* PROBLEM TO WORK ON *
Please print exactly the lines running from the one that contains "Pinewood Jagd-Stretchhose Caribou 21032440 1" to the end of the data, with both lines included.

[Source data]
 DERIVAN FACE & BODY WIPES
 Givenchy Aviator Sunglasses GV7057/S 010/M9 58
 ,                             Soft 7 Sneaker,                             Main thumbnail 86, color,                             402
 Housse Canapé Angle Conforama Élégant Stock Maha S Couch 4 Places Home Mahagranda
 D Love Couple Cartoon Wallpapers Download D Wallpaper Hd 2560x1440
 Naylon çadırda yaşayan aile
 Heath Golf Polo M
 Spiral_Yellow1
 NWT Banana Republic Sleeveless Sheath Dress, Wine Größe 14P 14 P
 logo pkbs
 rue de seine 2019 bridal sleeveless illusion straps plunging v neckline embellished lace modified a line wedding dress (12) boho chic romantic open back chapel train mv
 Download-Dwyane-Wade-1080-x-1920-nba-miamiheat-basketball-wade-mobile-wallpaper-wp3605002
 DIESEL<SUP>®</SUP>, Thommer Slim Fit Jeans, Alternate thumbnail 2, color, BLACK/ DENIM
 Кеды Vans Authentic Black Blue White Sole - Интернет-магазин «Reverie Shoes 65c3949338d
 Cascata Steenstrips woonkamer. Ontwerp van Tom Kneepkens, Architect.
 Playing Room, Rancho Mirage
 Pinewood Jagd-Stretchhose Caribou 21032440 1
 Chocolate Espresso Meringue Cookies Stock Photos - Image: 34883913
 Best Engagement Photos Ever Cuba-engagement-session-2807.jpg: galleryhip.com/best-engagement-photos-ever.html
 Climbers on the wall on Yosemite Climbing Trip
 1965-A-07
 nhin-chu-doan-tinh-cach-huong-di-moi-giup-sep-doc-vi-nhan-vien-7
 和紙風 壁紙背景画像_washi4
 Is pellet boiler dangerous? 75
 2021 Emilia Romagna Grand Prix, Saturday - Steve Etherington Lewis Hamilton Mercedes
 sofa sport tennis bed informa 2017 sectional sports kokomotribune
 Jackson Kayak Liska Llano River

* THE COMPLETED TASK *
 Pinewood Jagd-Stretchhose Caribou 21032440 1
 Chocolate Espresso Meringue Cookies Stock Photos - Image: 34883913
 Best Engagement Photos Ever Cuba-engagement-session-2807.jpg: galleryhip.com/best-engagement-photos-ever.html
 Climbers on the wall on Yosemite Climbing Trip
 1965-A-07
 nhin-chu-doan-tinh-cach-huong-di-moi-giup-sep-doc-vi-nhan-vien-7
 和紙風 壁紙背景画像_washi4
 Is pellet boiler dangerous? 75
 2021 Emilia Romagna Grand Prix, Saturday - Steve Etherington Lewis Hamilton Mercedes
 sofa sport tennis bed informa 2017 sectional sports kokomotribune
 Jackson Kayak Liska Llano River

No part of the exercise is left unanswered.